Seandainya beliau bersikap keras dan berhati kasar, niscaya hati orang-orang
disekitar beliau tidak akan tertambat pada beliau.
“karena
itu maafkanlah mereka, mohonlah ampun bagi mereka, dan bermusyawarahlah dengan
urusan itu,”
Dalam
permasalahan yang terjadi hendaknya kaum muslimin mengadakan musyawarah demi
melahirkan prinsip yang benar.[28]“kemudian
apabila kamu telah membulatkan tekad, maka bertawakallah kepada Allah. Sesungguhnya
Allah menyukai orang-orang yang bertawakal kepadanya”
Dalam
urgensi Syura ialah membolak-balikkan pemikiran dan memilih pandangan yang
diajukan.

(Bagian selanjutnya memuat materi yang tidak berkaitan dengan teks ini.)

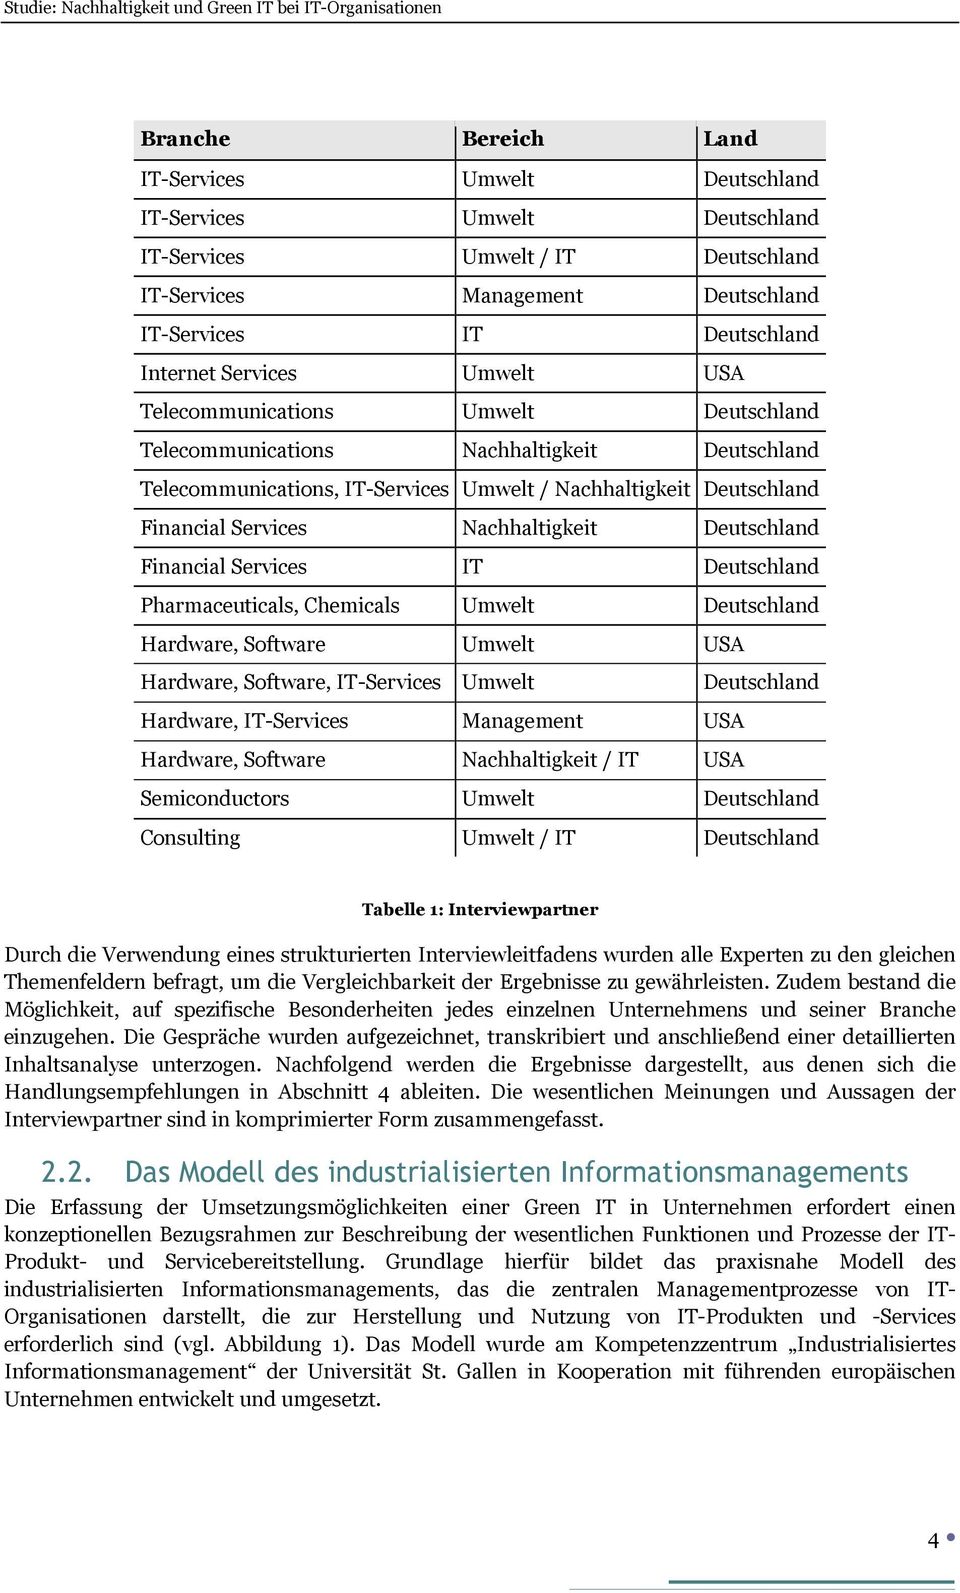 Deutschland Financial Services IT Deutschland Pharmaceuticals, Chemicals Umwelt Deutschland Hardware, Software Umwelt USA Hardware, Software, IT-Services Umwelt Deutschland Hardware, IT-Services

Dan pemilihan hasil dari syura dengan penuh tekad dan semangat, maka
haruslah bertawakal kepada Allah, menghubungkan urusan tersebut kepada Allah,
bagaimanapun hasilnya nanti. Karena tabi’at yang harus dimiliki seorang mukmin
tawakal kepada Allah dan mengembalikan
segala urusan kepada-nya [29]
2. Tafsir Surat Luqman Ayat 17-18
يَٰبُنَيَّ أَقِمِ ٱلصَّلَوٰةَ
وَأۡمُرۡ بِٱلۡمَعۡرُوفِ وَٱنۡهَ عَنِ ٱلۡمُنكَرِ وَٱصۡبِرۡ عَلَىٰ مَآ
أَصَابَكَۖ إِنَّ ذَٰلِكَ مِنۡ عَزۡمِ ٱلۡأُمُورِ ١٧ وَلَا تُصَعِّرۡ خَدَّكَ
لِلنَّاسِ وَلَا تَمۡشِ فِي ٱلۡأَرۡضِ مَرَحًاۖ إِنَّ ٱللَّهَ لَا يُحِبُّ كُلَّ
مُخۡتَالٖ فَخُورٖ ١٨
Artinya: Hai anakku, dirikanlah shalat
dan suruhlah (manusia) mengerjakan yang baik dan cegahlah (mereka) dari
perbuatan yang mungkar dan bersabarlah terhadap apa yang menimpa kamu.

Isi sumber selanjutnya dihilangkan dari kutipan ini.